Work to complete — The whole listing, apart from its images, should be restated word for word.

Supplied material —
......

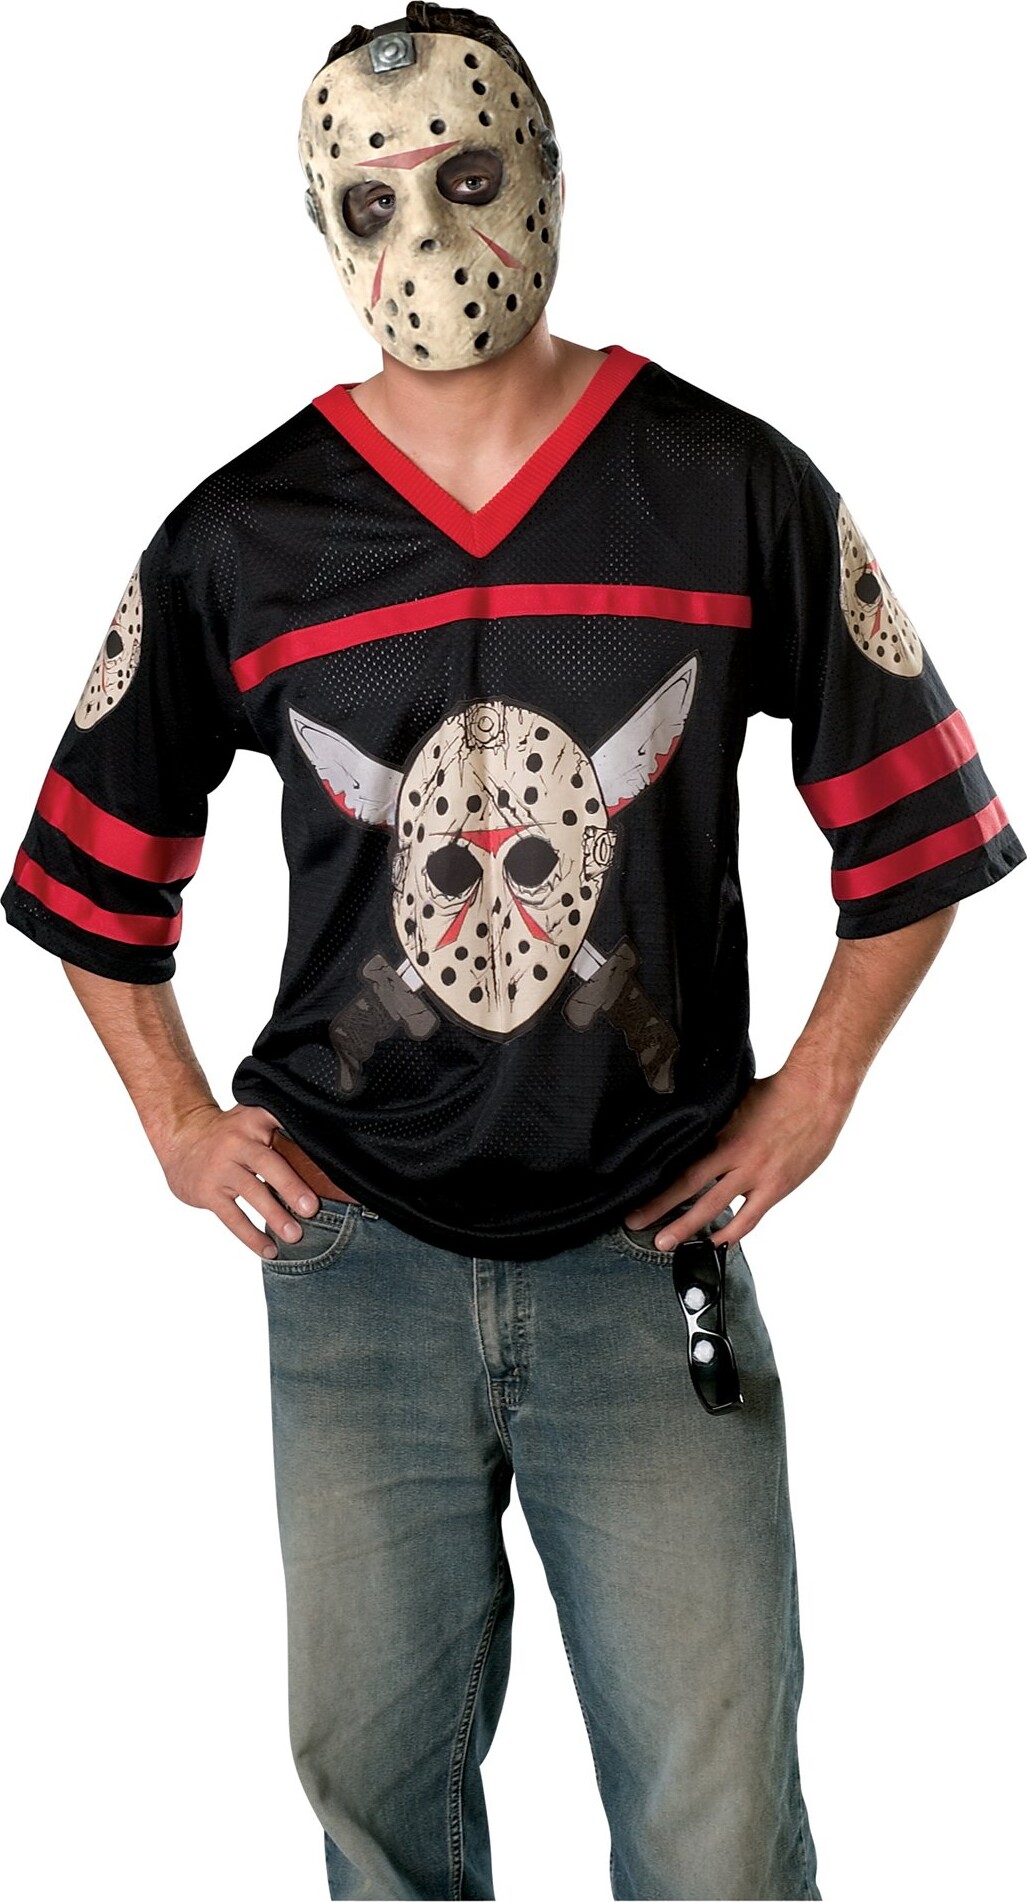 Jason Voorhees Kostume - Hockey Trøje Og Maske - Rubies
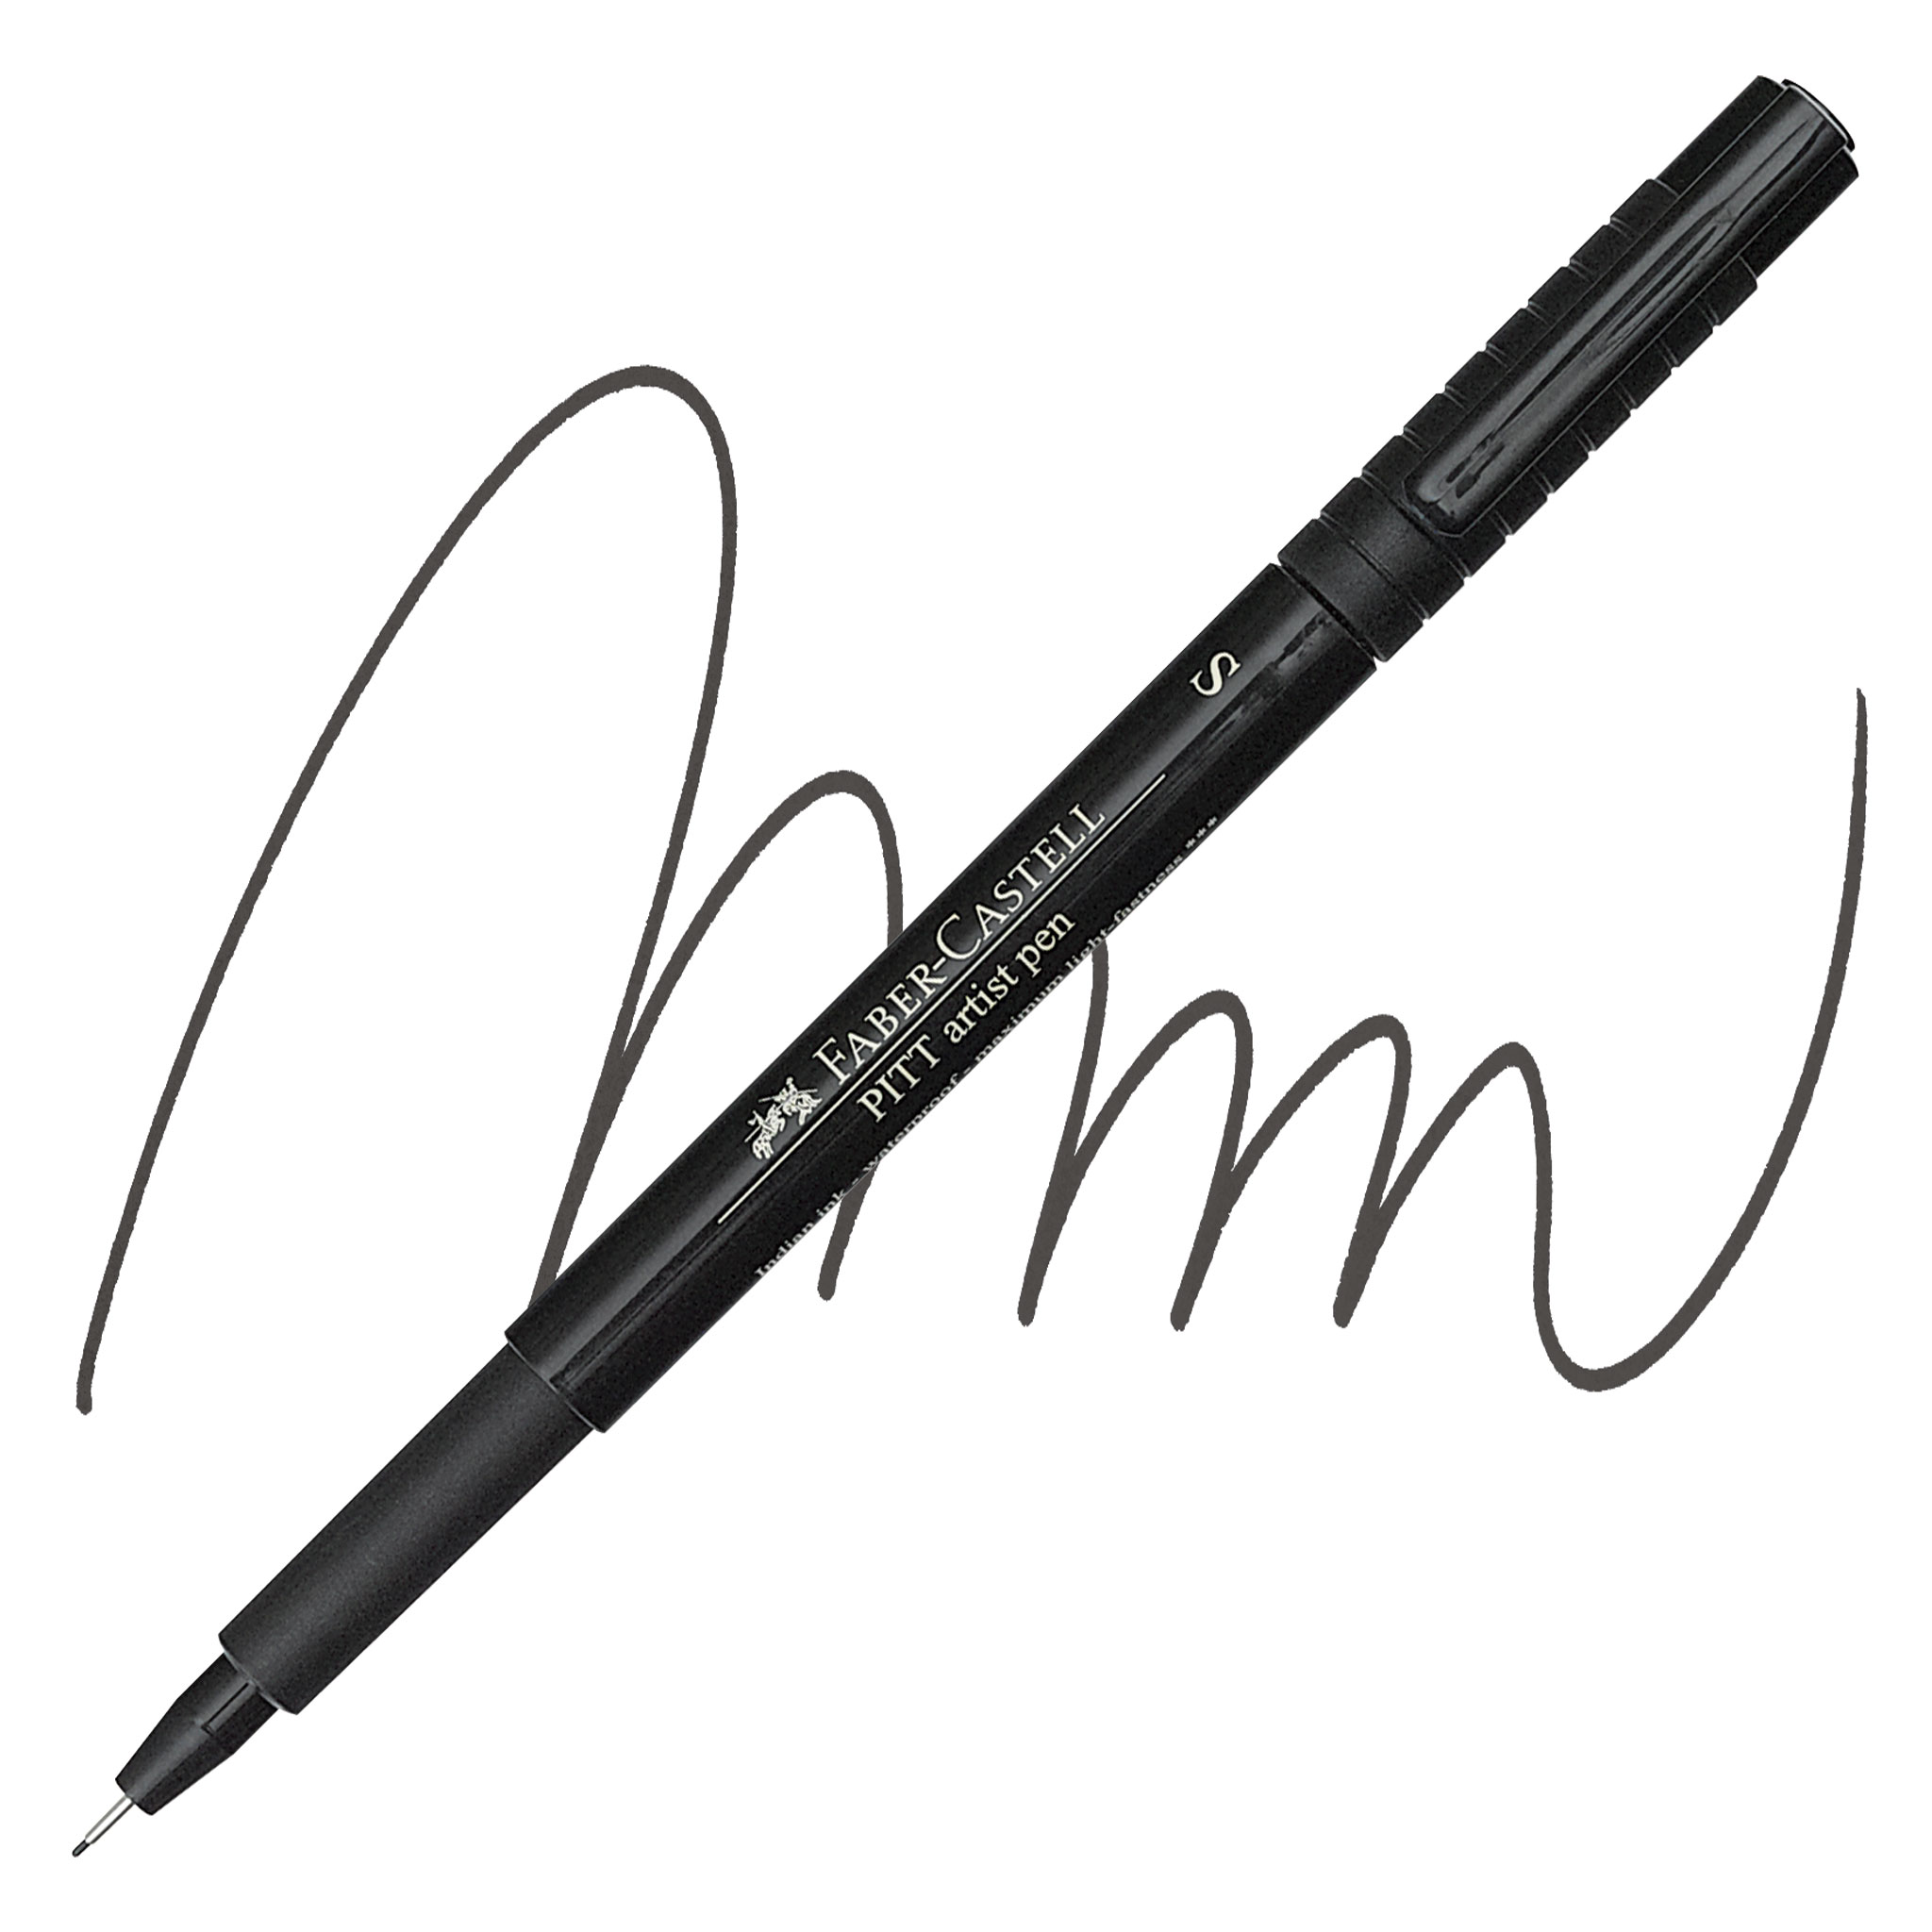 PITT Artist Brush Pens – ARCH Art Supplies
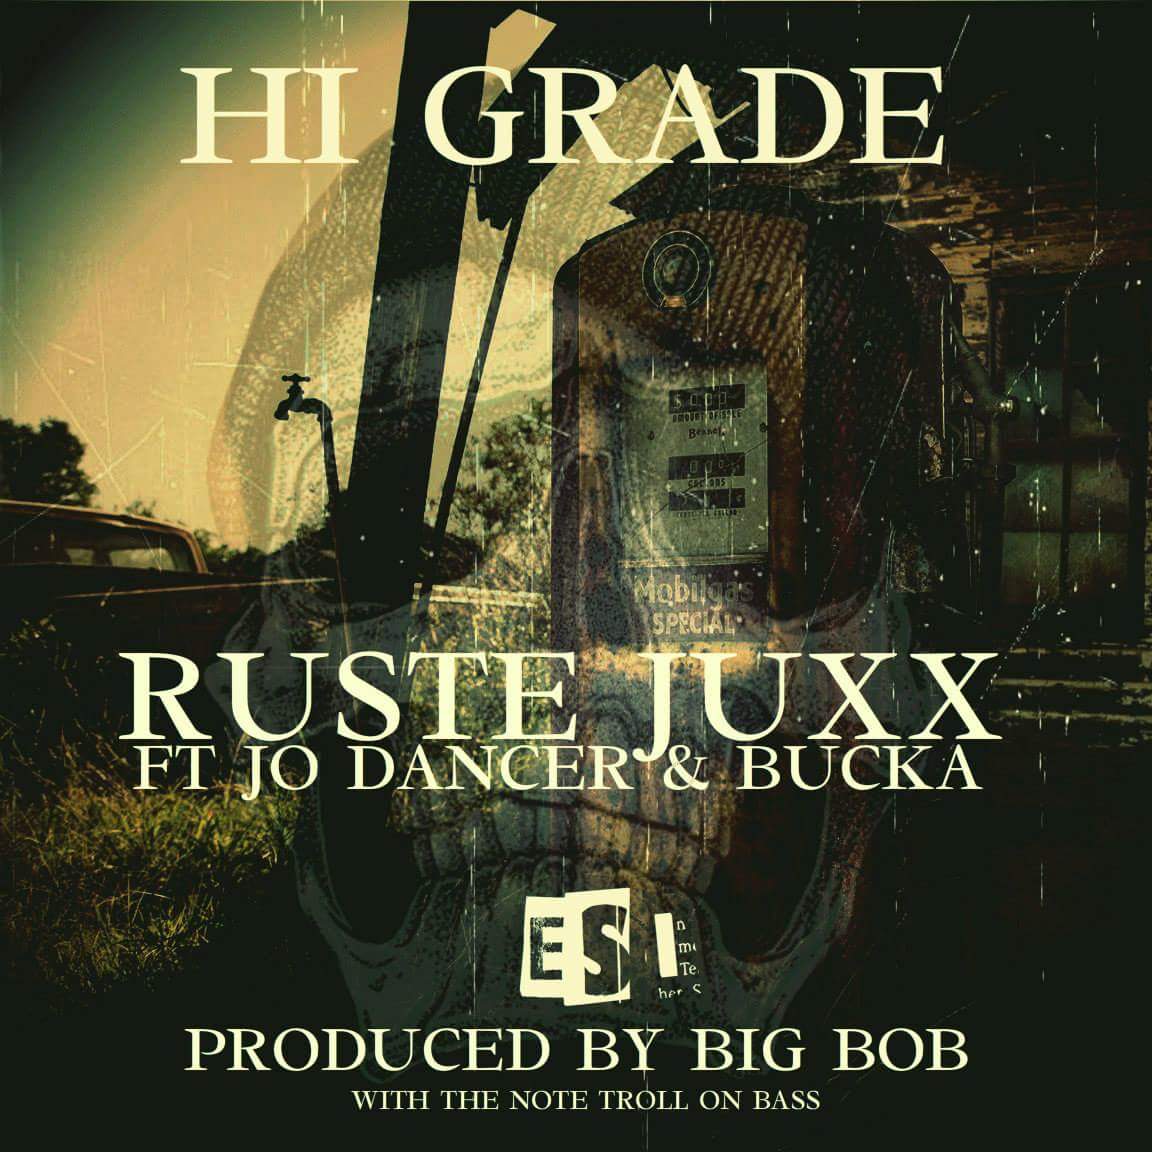 Ruste Juxx - "Hi Grade"

......

Reply —
 Jason Voorhees Kostume - Hockey Trøje Og Maske - Rubies
 PITT Artist Brush Pens – ARCH Art Supplies
 Ruste Juxx - "Hi Grade"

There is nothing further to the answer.